Suivre le rythme d’une aciérie active
Dans une aciérie intégrée, la consommation d’électricité augmente et diminue au rythme des fours, des laminoirs et des pauses de maintenance. Heure après heure, la demande reflète les changements d’équipes, les jours ouvrés par rapport aux week-ends, et le calendrier des étapes énergivores comme le chauffage et le laminage. Les auteurs utilisent une année complète de données opérationnelles réelles d’une grande entreprise sidérurgique chinoise, soit 8 760 points de données horaires qui tracent ces cycles quotidiens et hebdomadaires. Leur objectif est de transformer cet historique en un outil de prévision à court terme fiable que les responsables d’usine pourraient utiliser pour planifier la production et négocier de meilleurs contrats électriques.

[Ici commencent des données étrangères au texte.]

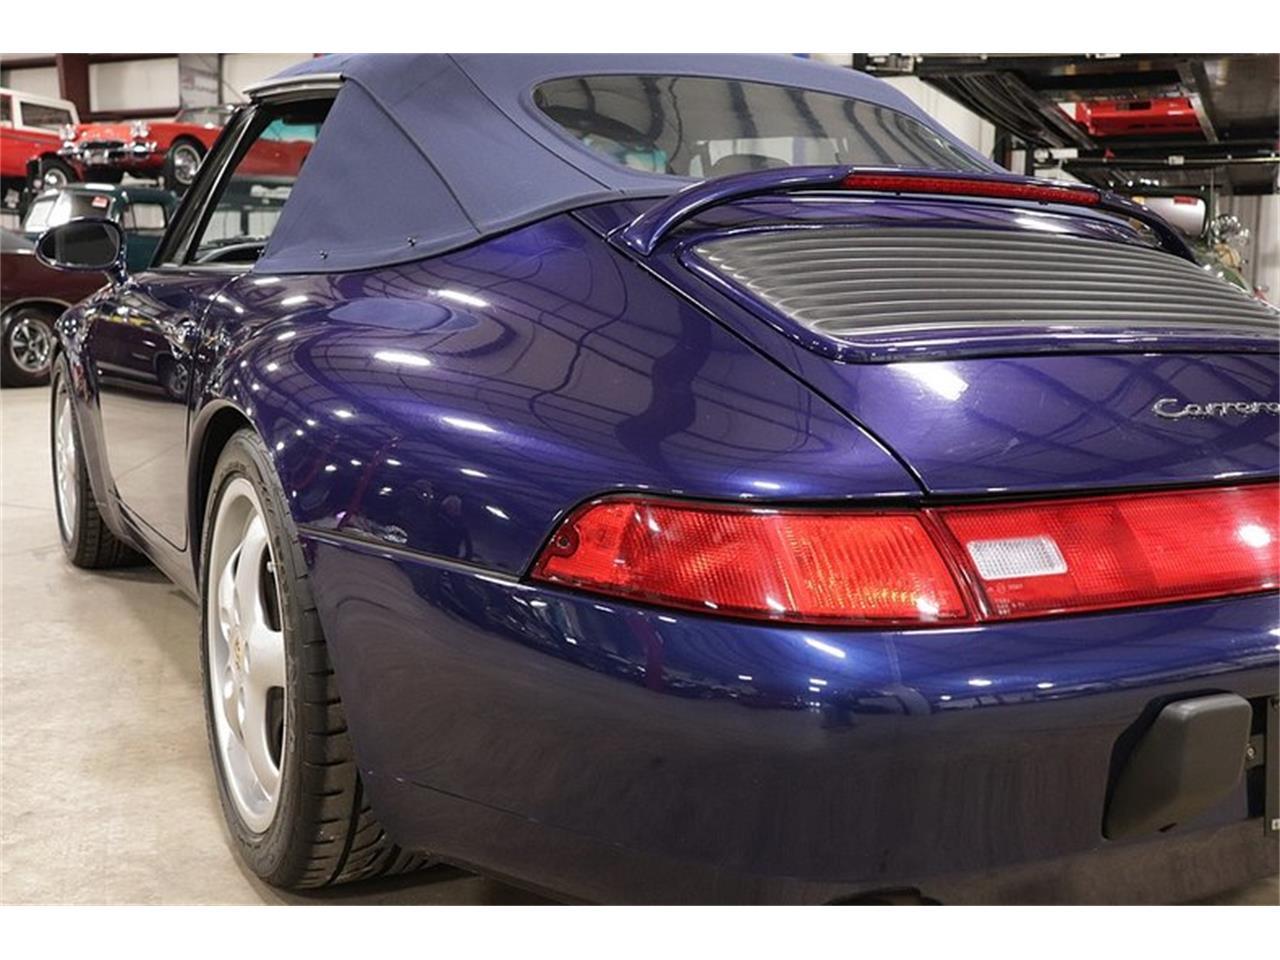 Large Picture of 1996 Porsche 911 located in Michigan - $45,900.00 - OFOC

Nettoyer des données imparfaites avant de prédire
Les données industrielles sont souvent désordonnées : des capteurs tombent en panne, des compteurs se trompent et des conditions de fonctionnement extrêmes créent des valeurs aberrantes. Avant de construire des modèles de prévision, les chercheurs procèdent donc à un nettoyage minutieux mais simple des données. Ils identifient d’abord les lectures suspectes qui se situent très en dehors de la plage typique à l’aide d’une règle statistique des trois sigmas. Plutôt que de faire confiance à ces points extrêmes, ils les traitent comme des données manquantes et comblent les intervalles en traçant des lignes droites entre les lectures normales voisines le long de l’axe temporel. Enfin, ils divisent l’année nettoyée en trois blocs chronologiques : un pour entraîner les modèles, un pour les affiner, et le dernier pour tester réellement leur performance sur des heures futures inconnues.

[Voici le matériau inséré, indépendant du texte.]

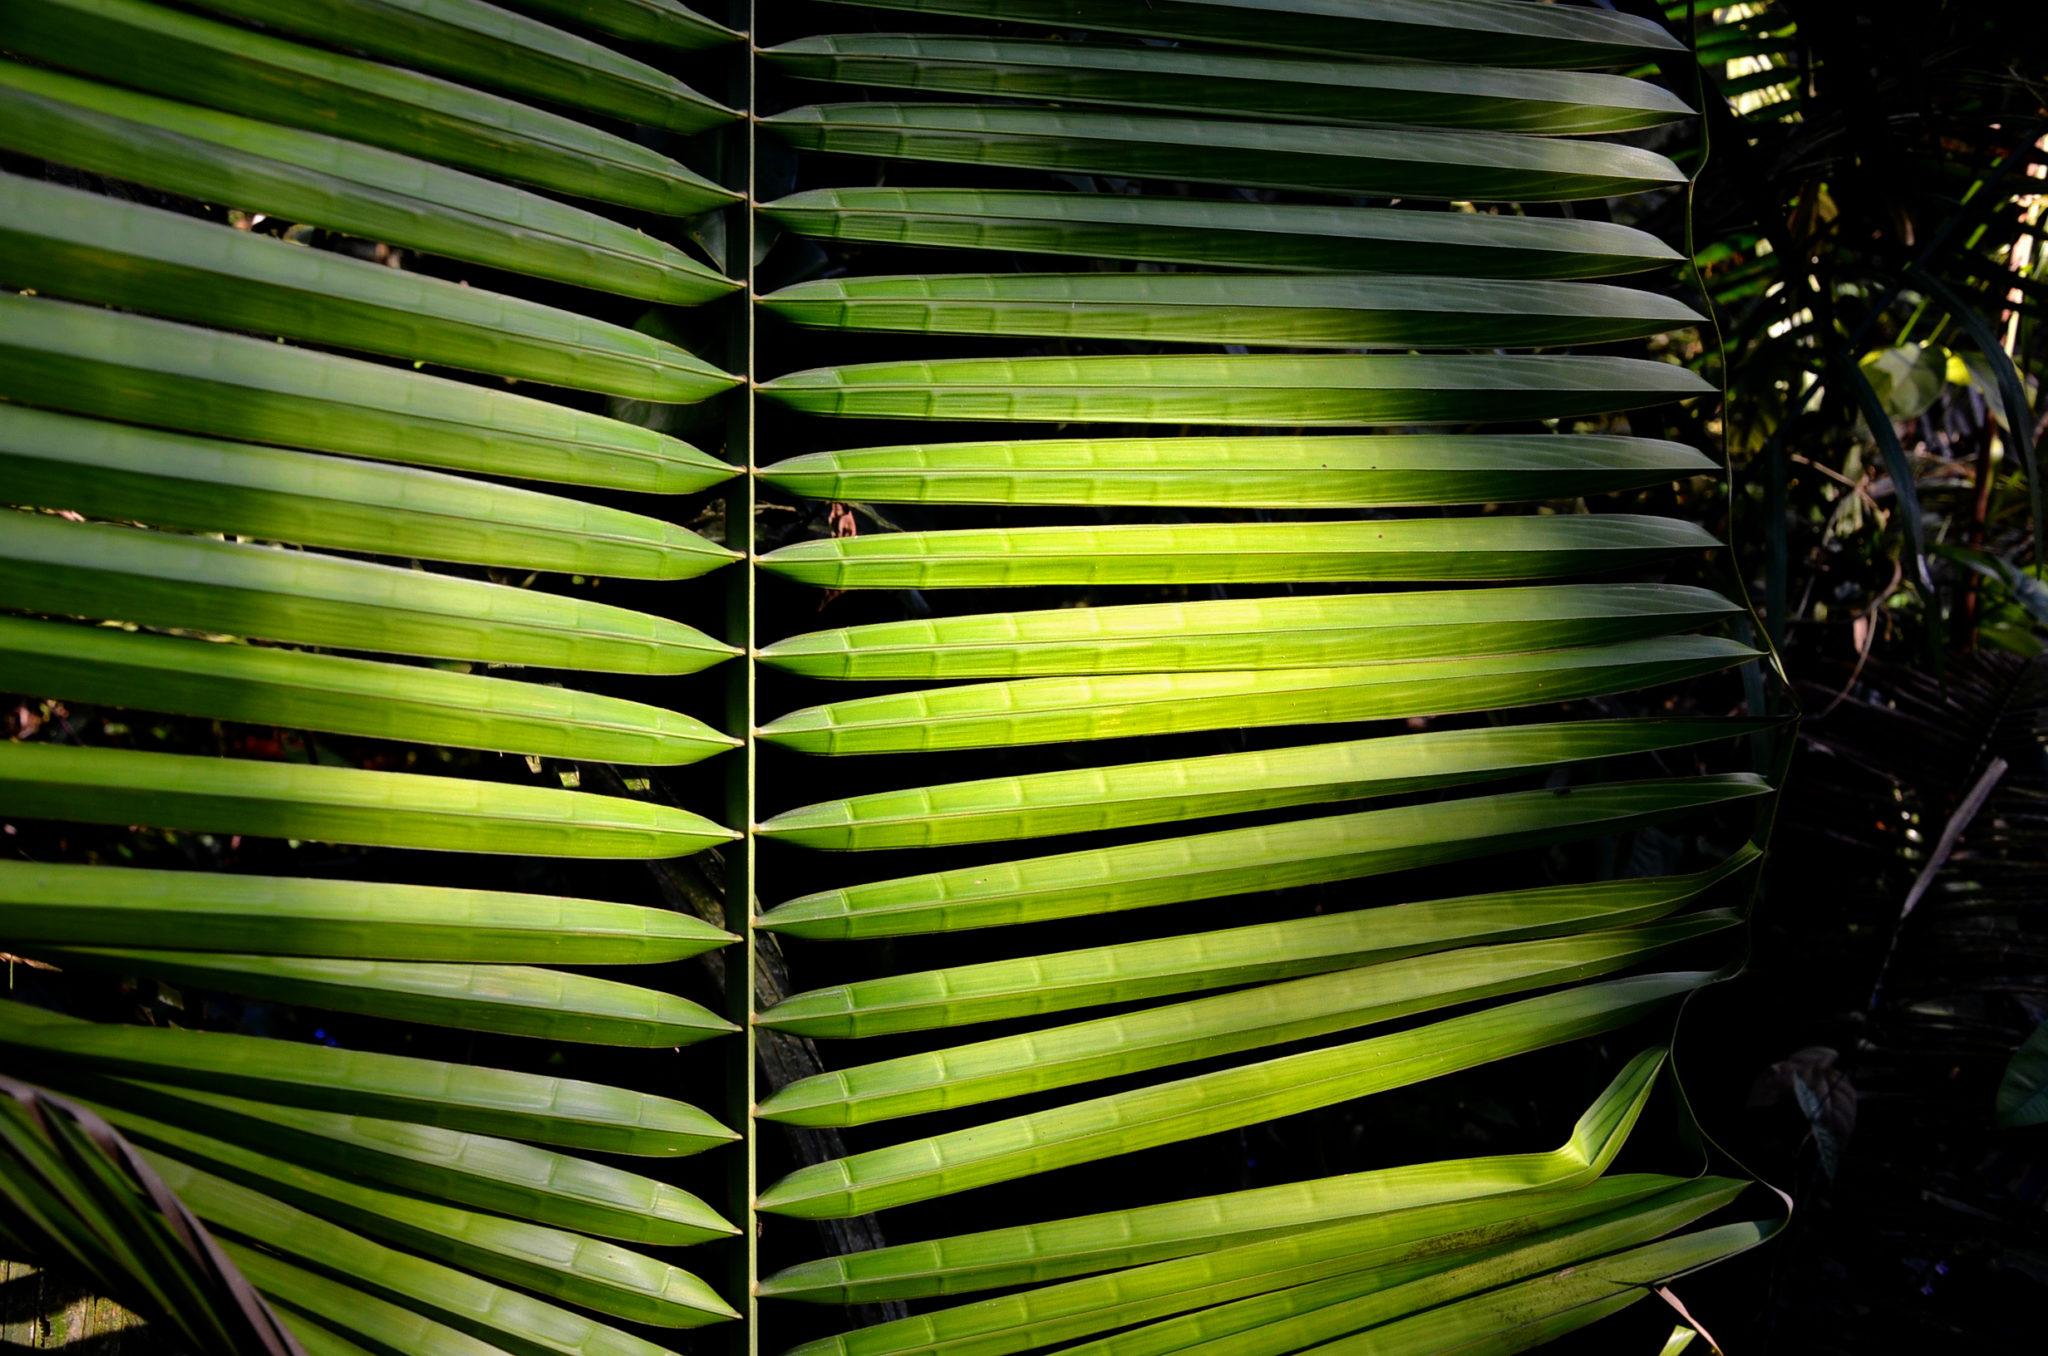 ecuador-piranha-fish-palmtree

Trois manières différentes d’apprendre du passé
Sur cette base commune, l’étude compare trois moteurs de prévision représentatifs. Le premier, appelé XGBoost, construit de nombreux petits arbres de décision qui apprennent ensemble comment les charges horaires passées se rapportent à la valeur suivante. Les deux autres sont des approches de deep learning qui considèrent la série de charges comme une séquence temporelle. Un réseau Long Short-Term Memory (LSTM) standard apprend comment l’information se propage du passé vers le futur, stockant des motifs dans une « mémoire » interne en parcourant les 24 heures précédentes. Son cousin, le Bidirectional LSTM (BiLSTM), va un cran plus loin : il traite chaque fenêtre de 24 heures dans les deux sens, examinant ainsi comment les heures récentes se rapportent non seulement à ce qui les précède mais aussi à ce qui suit immédiatement à l’intérieur de la fenêtre. Les trois modèles sont invités à regarder la journée précédente et à prédire la consommation de l’usine pour l’heure suivante.

Quel modèle suit le mieux les hauts et les bas ?

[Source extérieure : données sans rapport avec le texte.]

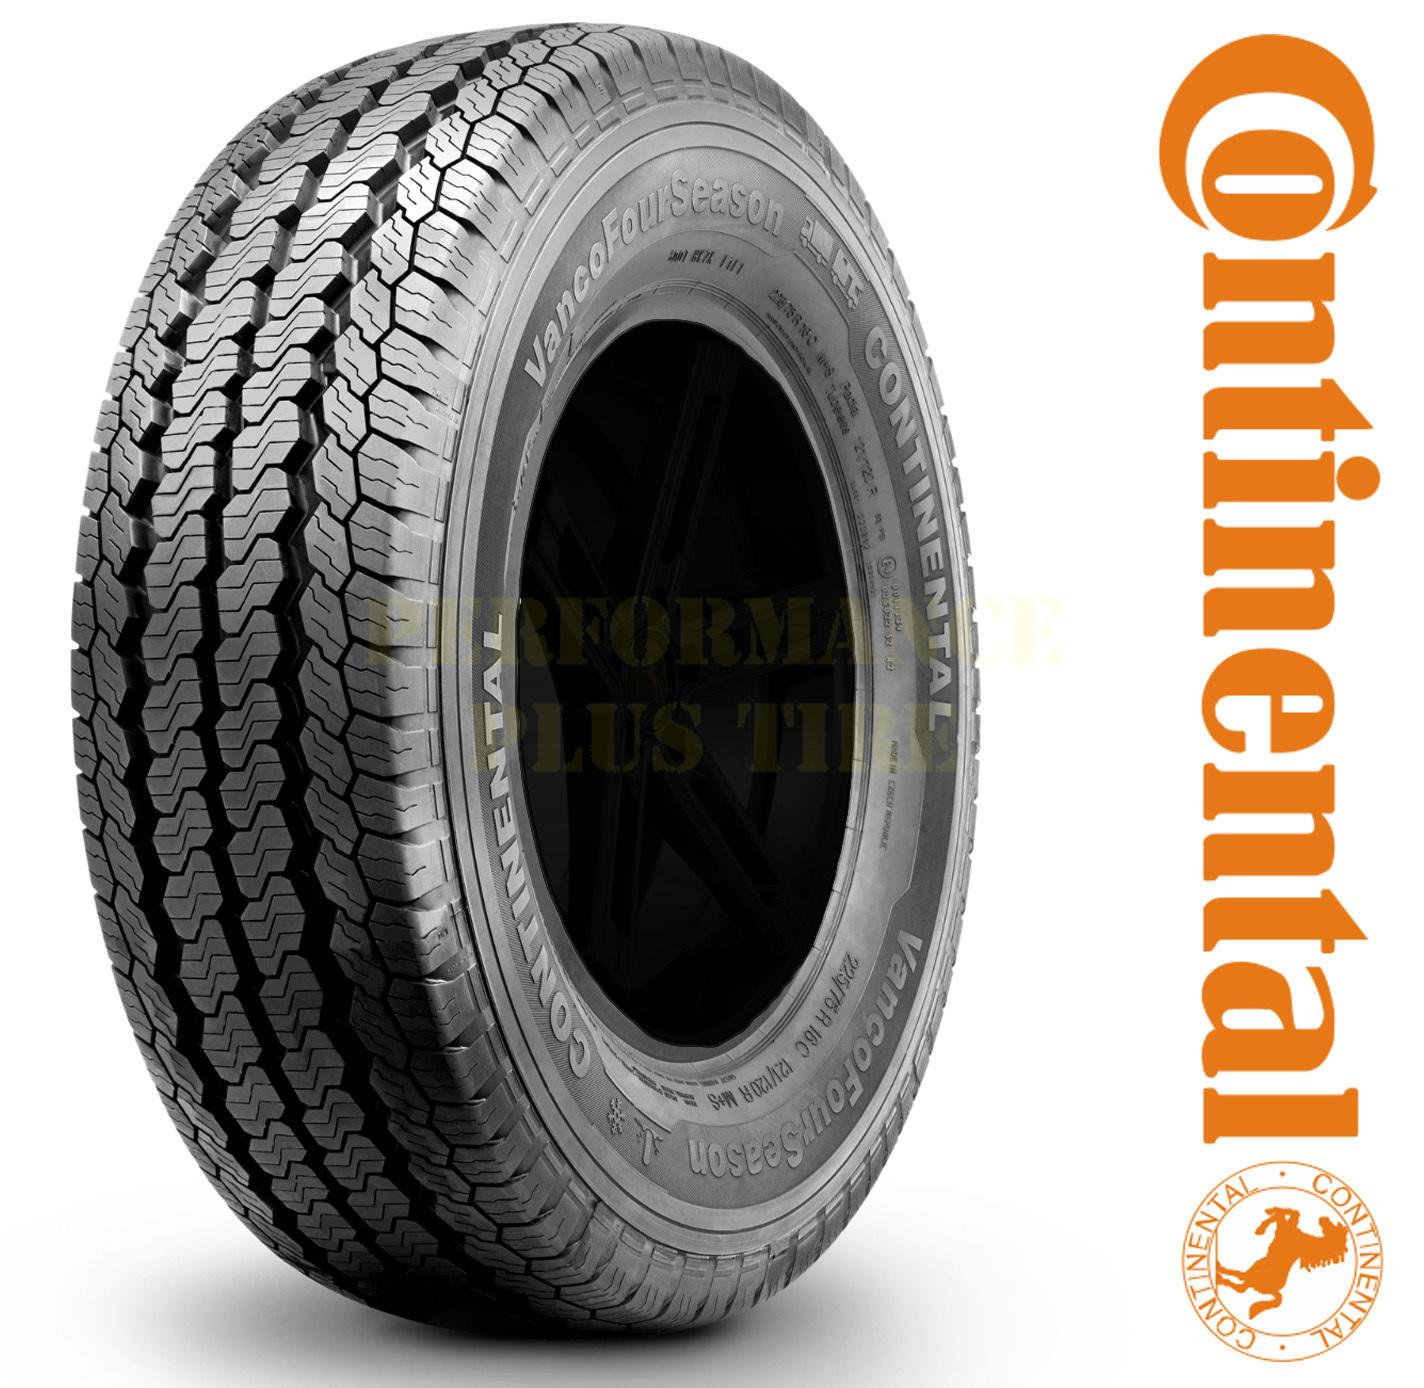 Continental Tires VancoFourSeason Passenger All Season Tire - LT205/75R16 110/108R 8 Ply

Pour évaluer la performance, les auteurs utilisent des mesures d’erreur standard qui saisissent à la fois l’ampleur de l’erreur typique et sa taille relative par rapport à la valeur réelle, ce qui est particulièrement important lorsque l’usine fonctionne à faible charge. Les trois modèles parviennent à reproduire la hausse et la baisse quotidiennes familières de la demande d’électricité, mais leur précision diffère. Le modèle BiLSTM fournit les erreurs les plus faibles dans l’ensemble, retraçant de près les pics et creux réels au cours du dernier mois de données. XGBoost suit bien la tendance générale et se montre relativement robuste, bien qu’il ait tendance à manquer les pointes nettes. Le LSTM unidirectionnel améliore légèrement certains indicateurs d’erreur absolue par rapport à XGBoost mais pèche plus souvent lorsque la charge est faible, ce qui lui vaut une erreur relative plus élevée et un ajustement plus visiblement décalé pendant certaines périodes de pics et de creux.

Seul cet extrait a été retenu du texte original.